**Exercise directions:** Every line of the data below should be printed exactly. Nothing may be dropped.

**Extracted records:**
================

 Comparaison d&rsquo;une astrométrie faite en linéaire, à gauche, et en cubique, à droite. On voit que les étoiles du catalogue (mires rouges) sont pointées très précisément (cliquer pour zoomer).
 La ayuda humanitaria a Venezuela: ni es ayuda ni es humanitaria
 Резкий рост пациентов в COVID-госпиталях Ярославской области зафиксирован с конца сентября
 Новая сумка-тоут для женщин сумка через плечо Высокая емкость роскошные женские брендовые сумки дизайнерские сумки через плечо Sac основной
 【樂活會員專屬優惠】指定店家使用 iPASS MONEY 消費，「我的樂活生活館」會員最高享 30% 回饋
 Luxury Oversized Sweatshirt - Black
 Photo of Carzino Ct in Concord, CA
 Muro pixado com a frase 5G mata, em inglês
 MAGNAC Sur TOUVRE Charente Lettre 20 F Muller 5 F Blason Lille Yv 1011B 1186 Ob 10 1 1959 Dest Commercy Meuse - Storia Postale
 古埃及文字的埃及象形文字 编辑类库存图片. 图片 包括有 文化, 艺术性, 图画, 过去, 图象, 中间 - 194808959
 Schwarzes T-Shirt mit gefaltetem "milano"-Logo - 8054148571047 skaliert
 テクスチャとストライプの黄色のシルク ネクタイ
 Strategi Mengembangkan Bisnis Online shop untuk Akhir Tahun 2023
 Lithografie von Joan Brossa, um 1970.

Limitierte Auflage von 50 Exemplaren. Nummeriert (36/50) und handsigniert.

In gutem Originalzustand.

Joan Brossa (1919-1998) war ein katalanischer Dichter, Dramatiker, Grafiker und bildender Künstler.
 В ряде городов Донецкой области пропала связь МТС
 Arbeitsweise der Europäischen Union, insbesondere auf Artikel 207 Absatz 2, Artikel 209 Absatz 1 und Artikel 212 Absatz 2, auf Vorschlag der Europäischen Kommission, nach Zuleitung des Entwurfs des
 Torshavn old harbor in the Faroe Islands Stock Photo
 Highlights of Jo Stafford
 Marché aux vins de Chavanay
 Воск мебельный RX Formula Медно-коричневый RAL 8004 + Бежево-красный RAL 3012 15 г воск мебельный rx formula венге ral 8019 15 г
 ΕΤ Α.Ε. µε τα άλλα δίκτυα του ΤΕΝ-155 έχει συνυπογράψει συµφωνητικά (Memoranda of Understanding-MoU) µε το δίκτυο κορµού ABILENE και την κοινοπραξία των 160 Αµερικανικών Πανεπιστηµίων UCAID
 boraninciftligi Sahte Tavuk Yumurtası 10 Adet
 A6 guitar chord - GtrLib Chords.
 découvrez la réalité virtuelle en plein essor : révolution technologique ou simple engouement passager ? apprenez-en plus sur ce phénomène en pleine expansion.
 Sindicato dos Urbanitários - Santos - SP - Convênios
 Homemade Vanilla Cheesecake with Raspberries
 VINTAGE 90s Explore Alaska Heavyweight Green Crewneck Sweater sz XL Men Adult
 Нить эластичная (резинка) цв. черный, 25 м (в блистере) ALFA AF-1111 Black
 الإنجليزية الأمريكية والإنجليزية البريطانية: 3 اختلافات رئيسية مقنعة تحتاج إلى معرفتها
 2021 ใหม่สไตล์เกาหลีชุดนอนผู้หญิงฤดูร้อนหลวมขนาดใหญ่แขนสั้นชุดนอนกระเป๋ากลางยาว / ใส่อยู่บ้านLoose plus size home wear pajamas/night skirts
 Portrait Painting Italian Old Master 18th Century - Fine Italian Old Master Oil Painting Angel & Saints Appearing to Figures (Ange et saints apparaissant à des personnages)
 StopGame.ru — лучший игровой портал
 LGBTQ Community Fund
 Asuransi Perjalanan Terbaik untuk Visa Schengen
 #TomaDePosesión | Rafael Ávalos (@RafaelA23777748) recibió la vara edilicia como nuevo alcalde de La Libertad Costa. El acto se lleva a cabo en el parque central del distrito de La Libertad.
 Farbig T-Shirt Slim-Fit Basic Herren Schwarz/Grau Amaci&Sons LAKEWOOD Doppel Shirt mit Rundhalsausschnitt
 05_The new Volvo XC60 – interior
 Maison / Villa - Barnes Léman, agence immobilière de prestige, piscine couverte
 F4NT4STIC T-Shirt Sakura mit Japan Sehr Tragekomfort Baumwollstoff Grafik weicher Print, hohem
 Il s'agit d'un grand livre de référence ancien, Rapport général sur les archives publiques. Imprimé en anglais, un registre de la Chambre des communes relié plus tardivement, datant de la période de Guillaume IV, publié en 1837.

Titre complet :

================

**Response area:**
 Comparaison d&rsquo;une astrométrie faite en linéaire, à gauche, et en cubique, à droite. On voit que les étoiles du catalogue (mires rouges) sont pointées très précisément (cliquer pour zoomer).
 La ayuda humanitaria a Venezuela: ni es ayuda ni es humanitaria
 Резкий рост пациентов в COVID-госпиталях Ярославской области зафиксирован с конца сентября
 Новая сумка-тоут для женщин сумка через плечо Высокая емкость роскошные женские брендовые сумки дизайнерские сумки через плечо Sac основной
 【樂活會員專屬優惠】指定店家使用 iPASS MONEY 消費，「我的樂活生活館」會員最高享 30% 回饋
 Luxury Oversized Sweatshirt - Black
 Photo of Carzino Ct in Concord, CA
 Muro pixado com a frase 5G mata, em inglês
 MAGNAC Sur TOUVRE Charente Lettre 20 F Muller 5 F Blason Lille Yv 1011B 1186 Ob 10 1 1959 Dest Commercy Meuse - Storia Postale
 古埃及文字的埃及象形文字 编辑类库存图片. 图片 包括有 文化, 艺术性, 图画, 过去, 图象, 中间 - 194808959
 Schwarzes T-Shirt mit gefaltetem "milano"-Logo - 8054148571047 skaliert
 テクスチャとストライプの黄色のシルク ネクタイ
 Strategi Mengembangkan Bisnis Online shop untuk Akhir Tahun 2023
 Lithografie von Joan Brossa, um 1970.

Limitierte Auflage von 50 Exemplaren. Nummeriert (36/50) und handsigniert.

In gutem Originalzustand.

Joan Brossa (1919-1998) war ein katalanischer Dichter, Dramatiker, Grafiker und bildender Künstler.
 В ряде городов Донецкой области пропала связь МТС
 Arbeitsweise der Europäischen Union, insbesondere auf Artikel 207 Absatz 2, Artikel 209 Absatz 1 und Artikel 212 Absatz 2, auf Vorschlag der Europäischen Kommission, nach Zuleitung des Entwurfs des
 Torshavn old harbor in the Faroe Islands Stock Photo
 Highlights of Jo Stafford
 Marché aux vins de Chavanay
 Воск мебельный RX Formula Медно-коричневый RAL 8004 + Бежево-красный RAL 3012 15 г воск мебельный rx formula венге ral 8019 15 г
 ΕΤ Α.Ε. µε τα άλλα δίκτυα του ΤΕΝ-155 έχει συνυπογράψει συµφωνητικά (Memoranda of Understanding-MoU) µε το δίκτυο κορµού ABILENE και την κοινοπραξία των 160 Αµερικανικών Πανεπιστηµίων UCAID
 boraninciftligi Sahte Tavuk Yumurtası 10 Adet
 A6 guitar chord - GtrLib Chords.
 découvrez la réalité virtuelle en plein essor : révolution technologique ou simple engouement passager ? apprenez-en plus sur ce phénomène en pleine expansion.
 Sindicato dos Urbanitários - Santos - SP - Convênios
 Homemade Vanilla Cheesecake with Raspberries
 VINTAGE 90s Explore Alaska Heavyweight Green Crewneck Sweater sz XL Men Adult
 Нить эластичная (резинка) цв. черный, 25 м (в блистере) ALFA AF-1111 Black
 الإنجليزية الأمريكية والإنجليزية البريطانية: 3 اختلافات رئيسية مقنعة تحتاج إلى معرفتها
 2021 ใหม่สไตล์เกาหลีชุดนอนผู้หญิงฤดูร้อนหลวมขนาดใหญ่แขนสั้นชุดนอนกระเป๋ากลางยาว / ใส่อยู่บ้านLoose plus size home wear pajamas/night skirts
 Portrait Painting Italian Old Master 18th Century - Fine Italian Old Master Oil Painting Angel & Saints Appearing to Figures (Ange et saints apparaissant à des personnages)
 StopGame.ru — лучший игровой портал
 LGBTQ Community Fund
 Asuransi Perjalanan Terbaik untuk Visa Schengen
 #TomaDePosesión | Rafael Ávalos (@RafaelA23777748) recibió la vara edilicia como nuevo alcalde de La Libertad Costa. El acto se lleva a cabo en el parque central del distrito de La Libertad.
 Farbig T-Shirt Slim-Fit Basic Herren Schwarz/Grau Amaci&Sons LAKEWOOD Doppel Shirt mit Rundhalsausschnitt
 05_The new Volvo XC60 – interior
 Maison / Villa - Barnes Léman, agence immobilière de prestige, piscine couverte
 F4NT4STIC T-Shirt Sakura mit Japan Sehr Tragekomfort Baumwollstoff Grafik weicher Print, hohem
 Il s'agit d'un grand livre de référence ancien, Rapport général sur les archives publiques. Imprimé en anglais, un registre de la Chambre des communes relié plus tardivement, datant de la période de Guillaume IV, publié en 1837.

Titre complet :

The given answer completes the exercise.